Young athletes were busy at Cedar Creek Park, in Seaford, on Monday for the start of Express Lacrosse’s youth training clinic. During their practice, Nassau County Executive Laura Curran announced the reopening of county batting cages and 60 athletic fields and the resumption of moderate-risk sports like baseball, softball and non-contact lacrosse.
Starting Monday, the county’s parks department prepared 10 baseball fields, 37 softball fields and 13 multipurpose fields. Leagues of all ages were permitted to resume play and sports summer camps were also authorized to reopen.
“It’s so important for young people . . . learning how to lose is a great thing [and] learning how to win graciously is a good thing,” Curran said. “These are all taught on the sports field. It’s not just for kids, it’s also really important for our adults and for our seniors.”
According to the county’s reopening website, moderate-risk sports are described as having a “limited ability to maintain physical distance and/or be done individually” and require that athletes avoid sharing equipment or disinfect equipment between uses.
Sports under this category also include field hockey, gymnastics, water polo, doubles tennis, relay swimming, racket games, crew, rafting, paintball and soccer.
Leagues have also established their own specific rules to prevent the spread of the coronavirus.
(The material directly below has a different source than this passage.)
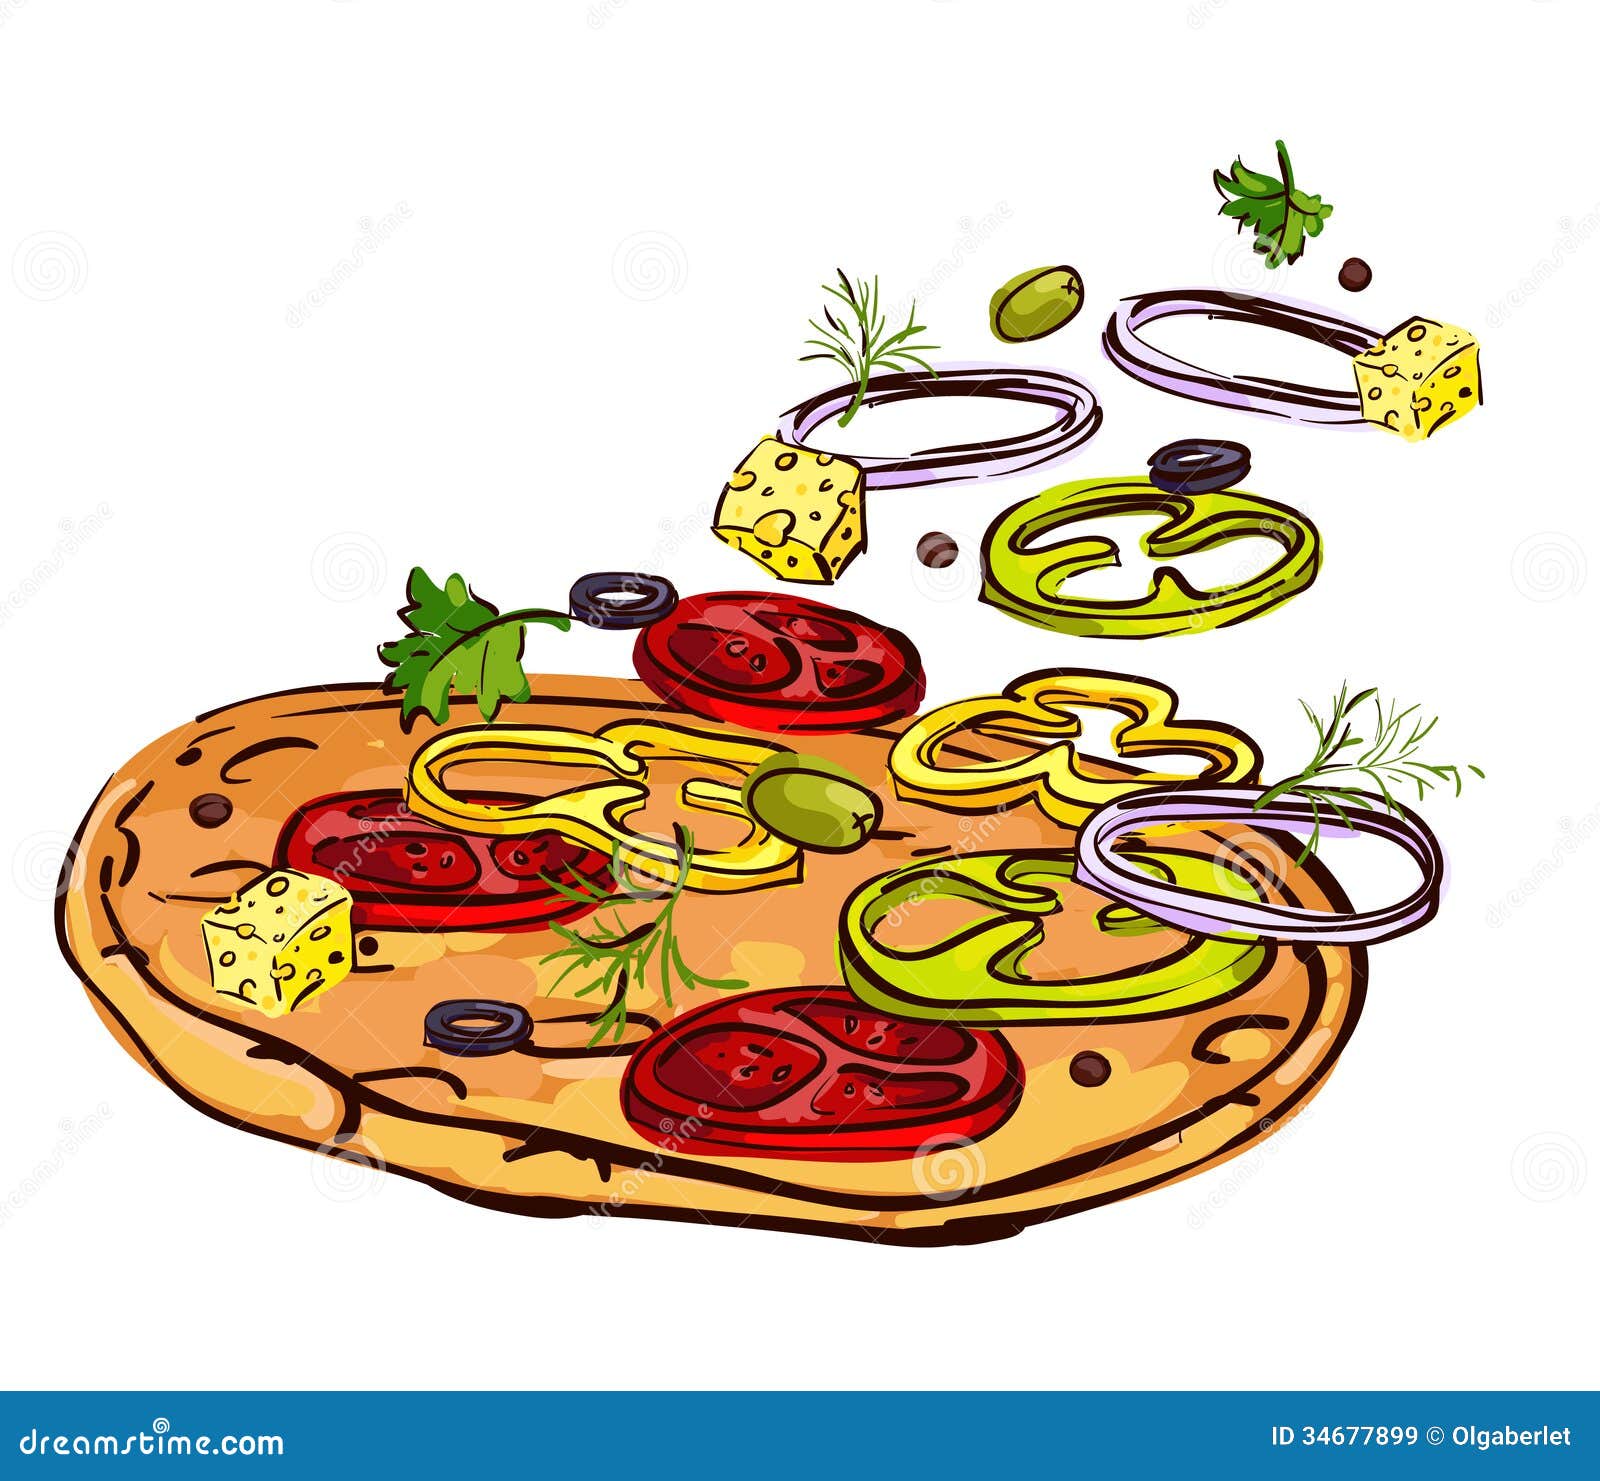 cheese pizza clipart free - photo #50

Jack Moran, one of the directors of Express Lacrosse, explained that practices would not entail competitive play and only include drills that allow for social distancing.
Joe Ditaranto and Bernie Rosen, both representing the New York Senior Softball Association, were also at Curran’s news conference and announced that their season will begin on July 27.
Ditaranto said that NYSSA created a list of 12 safety measures to protect their athletes, the oldest of whom is 93. Players must bring their own bats, wear a mask while not playing and refrain from high-fiving or hugging each other, among other measures.
Curran also announced that, over the holiday weekend, the county received 1,281 calls alerting them of fireworks. Nassau County’s fire service responded to 616 calls, police made seven arrests and there was one accident, in which a 20-year old Levittown man was hospitalized after a firework went off in his hand.
Regarding social distancing violations, the county received 68 complaints over the holiday weekend, issued 16 warnings and gave three appearance tickets.
Curran also gave an update on the coronavirus pandemic in Nassau County, announcing that there were 42,031 total positive cases, 2,186 total deaths, 49 hospitalizations, four patients in intensive care and one patient on a ventilator. On Monday, there were no new patients on ventilators and seven patients had been discharged.
Curran said that the statistics “tell us that when we’re smart, we could reopen.”
“They tell us that this is the key to an intelligent and safe reopening,” she added. “They also tell us that, by-and-large, people are doing the right thing and continue to do the right thing in Nassau County.”